Task prompt:
Repeat all the lines below exactly, but omit the pictures.

Data block:

▬▬▬

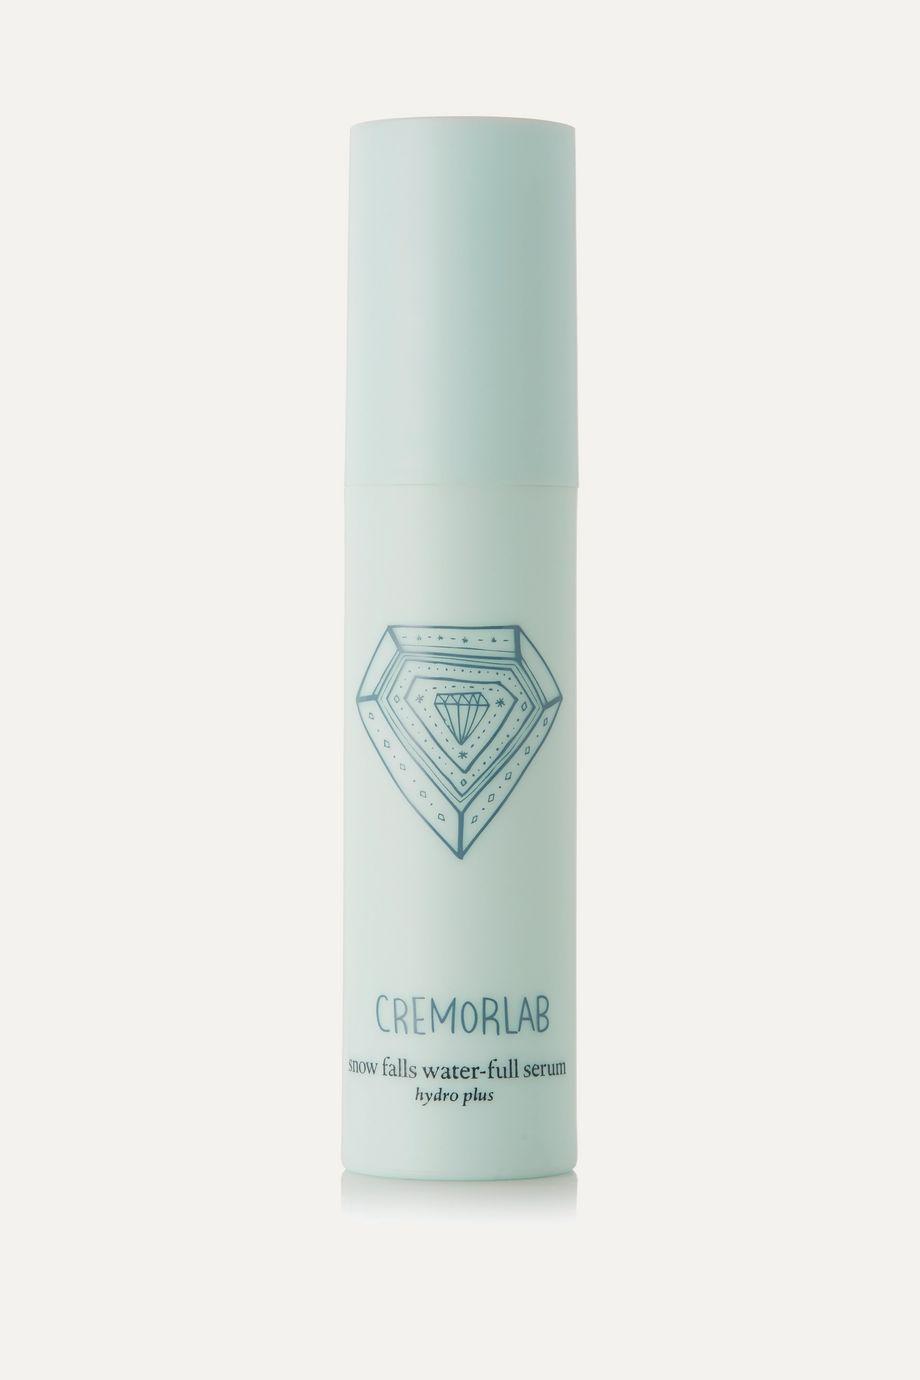 Cremorlab Hydro Plus Snow Falls Water-Full Serum, 30ml
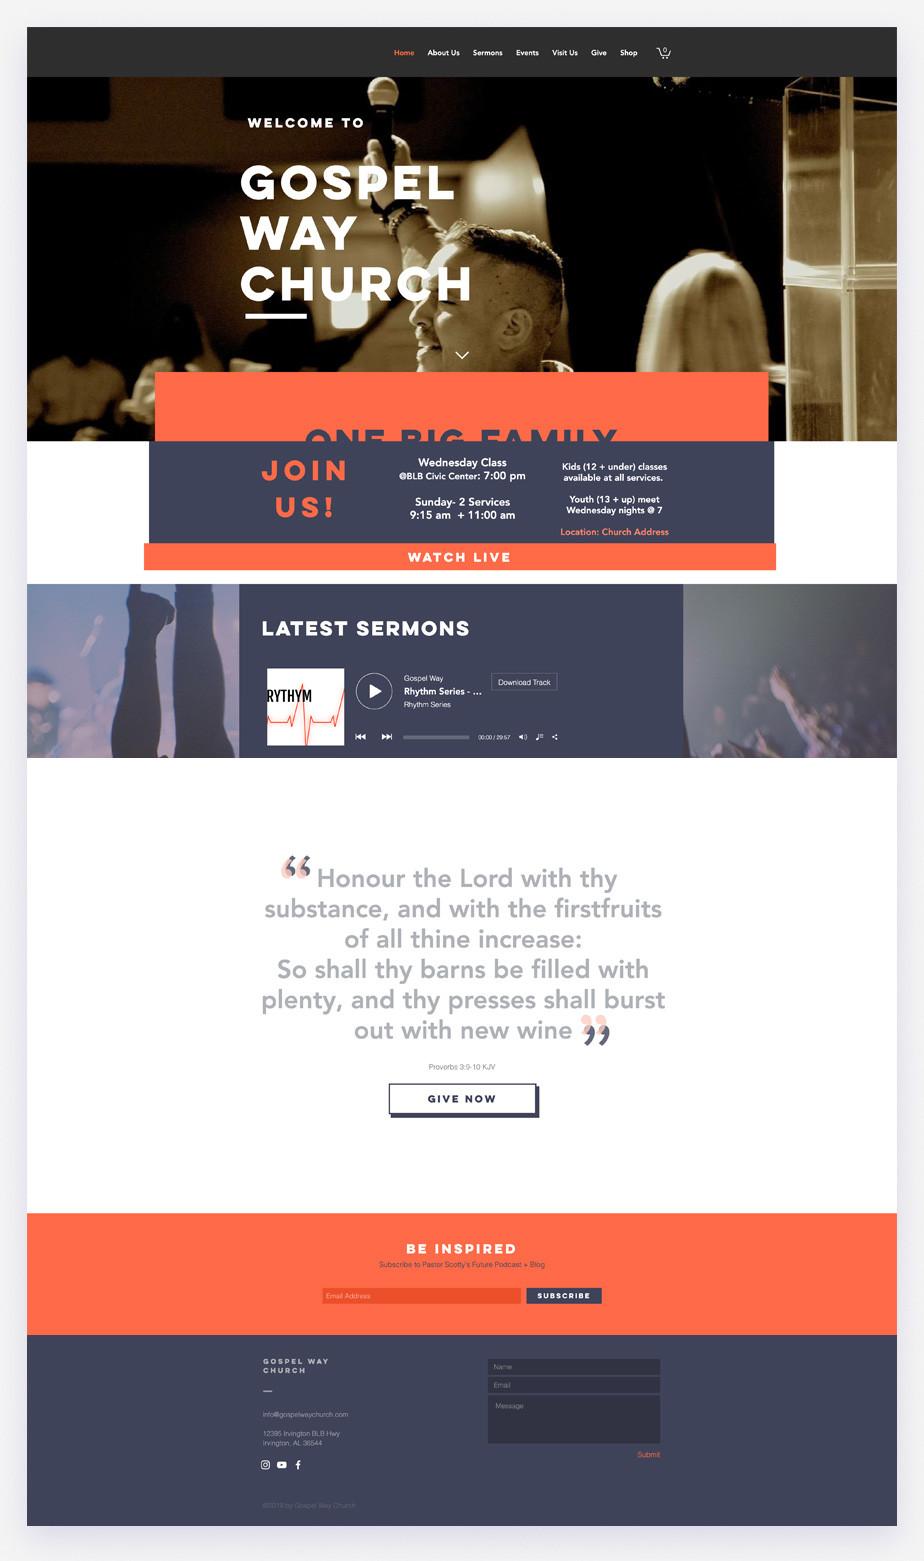 Best church websites example by Gospel Way Church
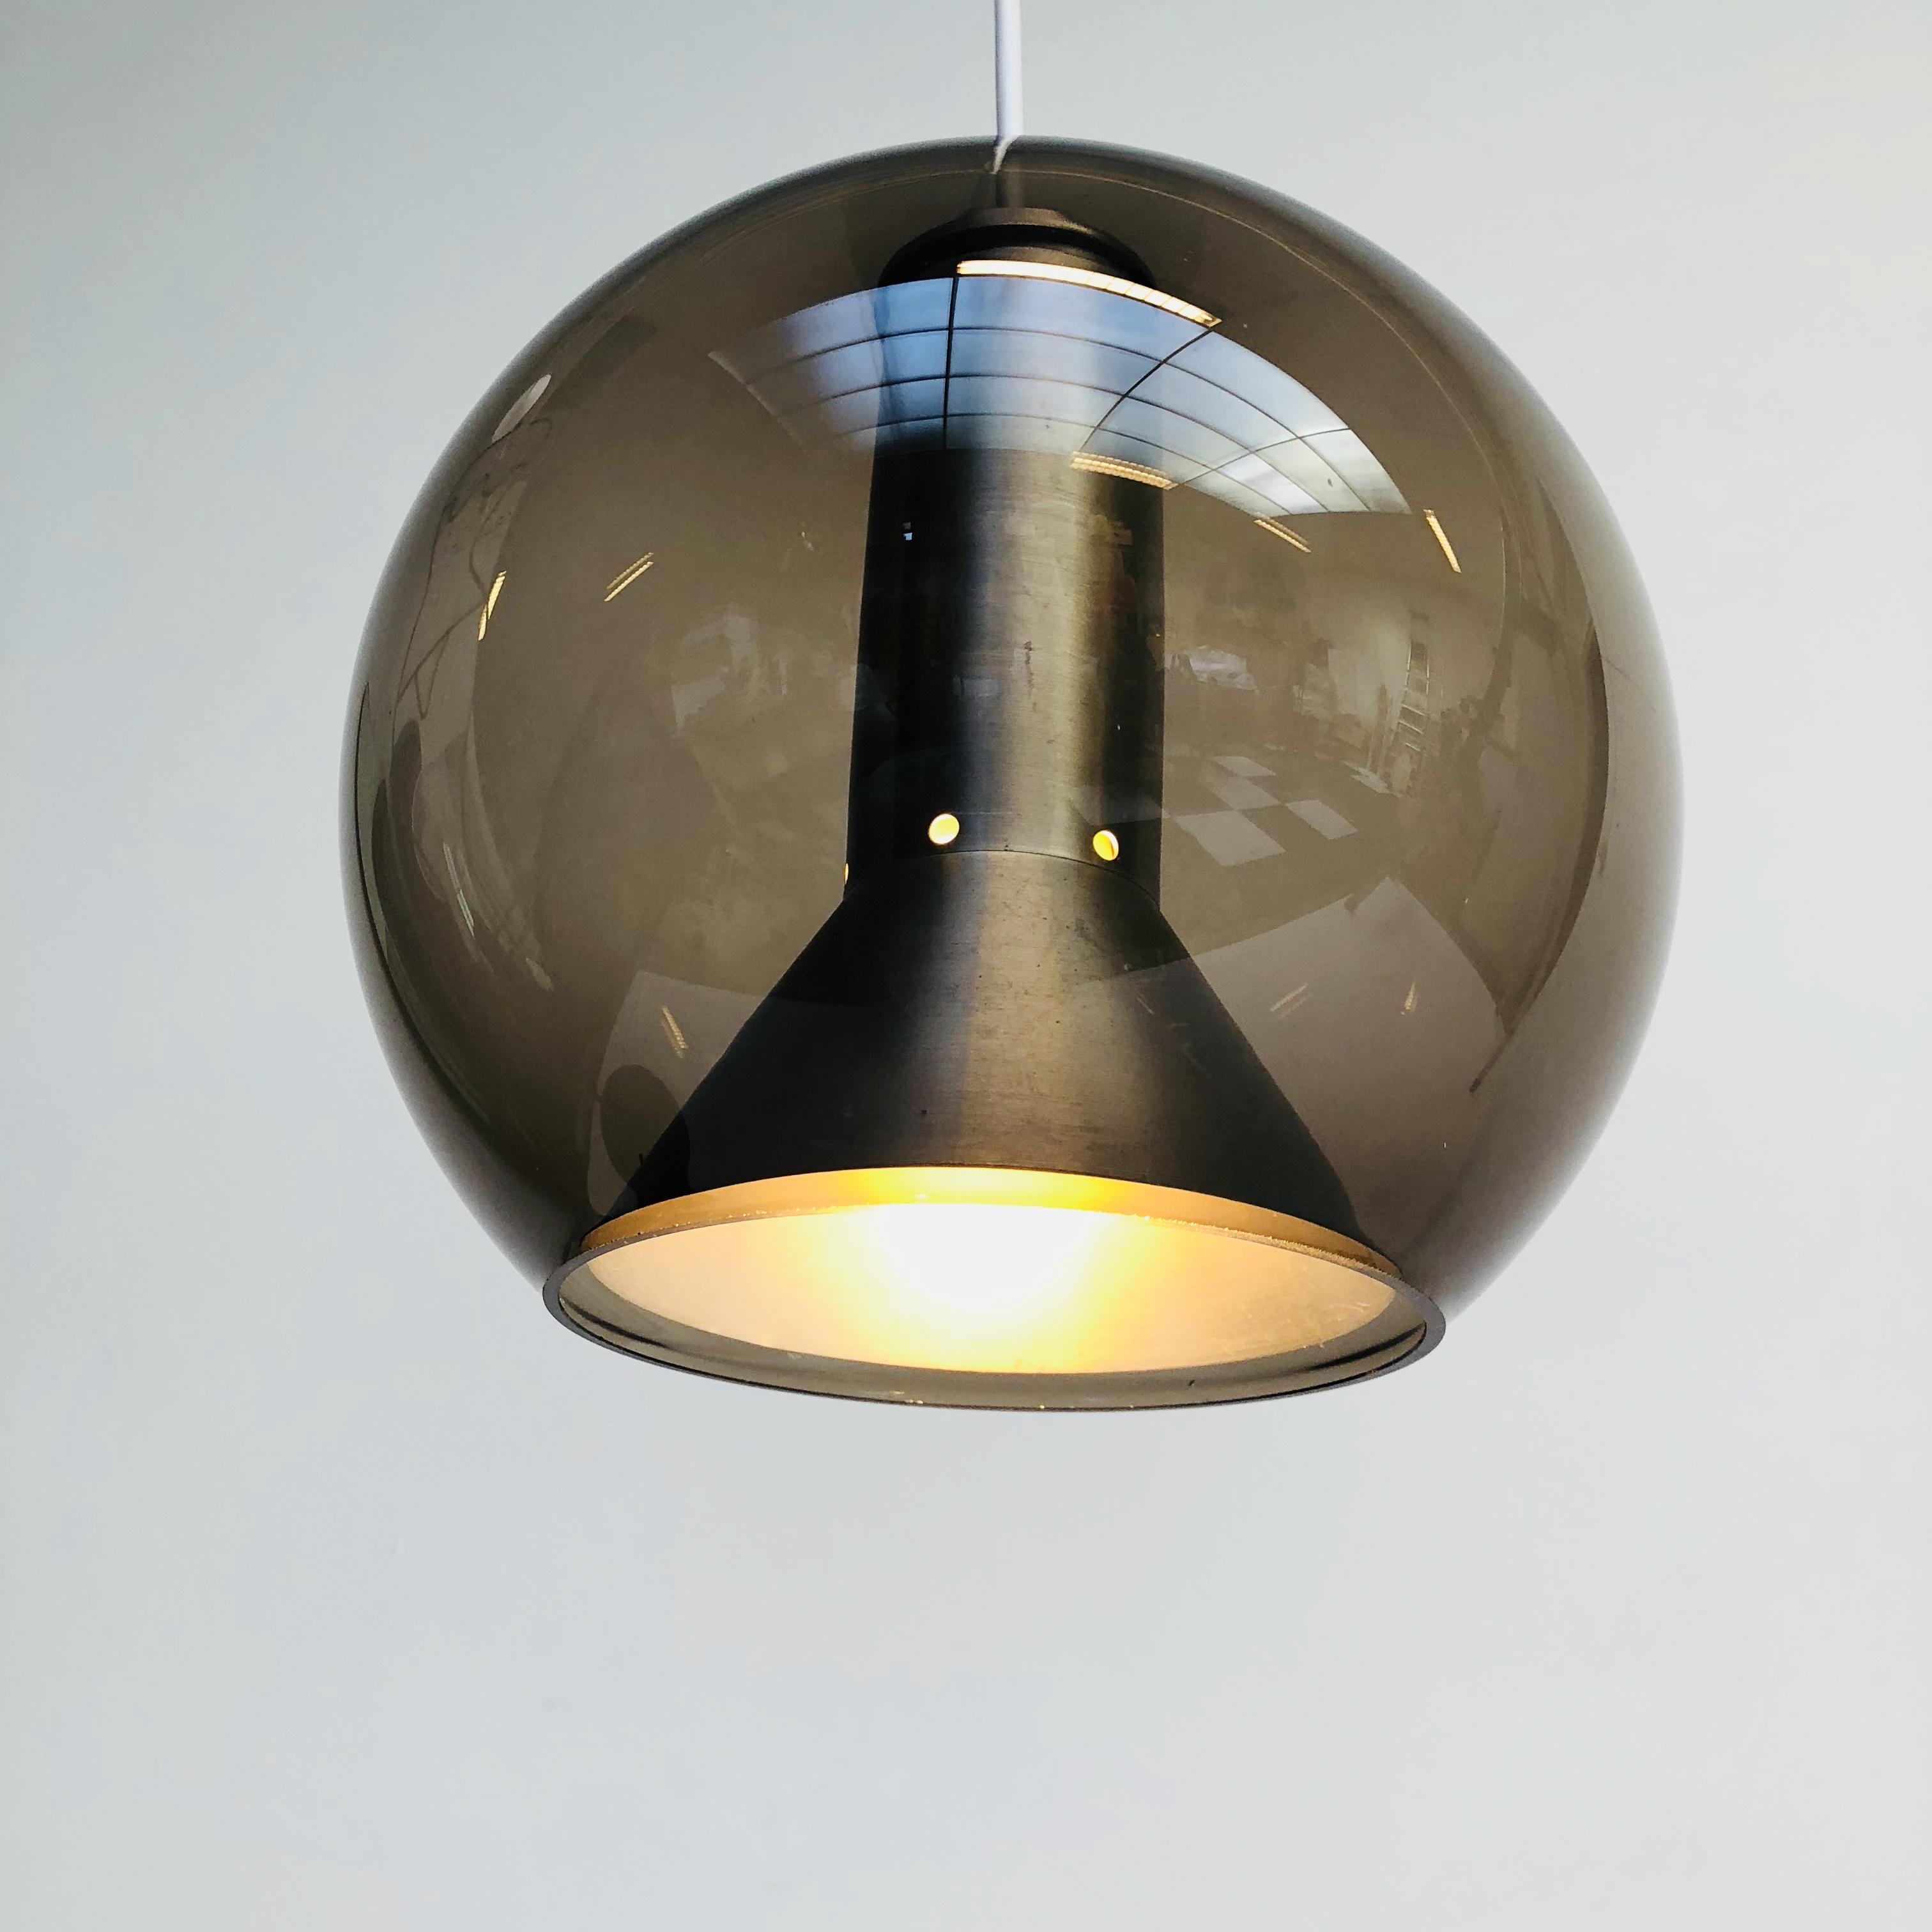 Globe Hanglamp Raak by Frank Ligtelijn '60

▬▬▬

Task answer:
 Cremorlab Hydro Plus Snow Falls Water-Full Serum, 30ml
 Best church websites example by Gospel Way Church
 Globe Hanglamp Raak by Frank Ligtelijn '60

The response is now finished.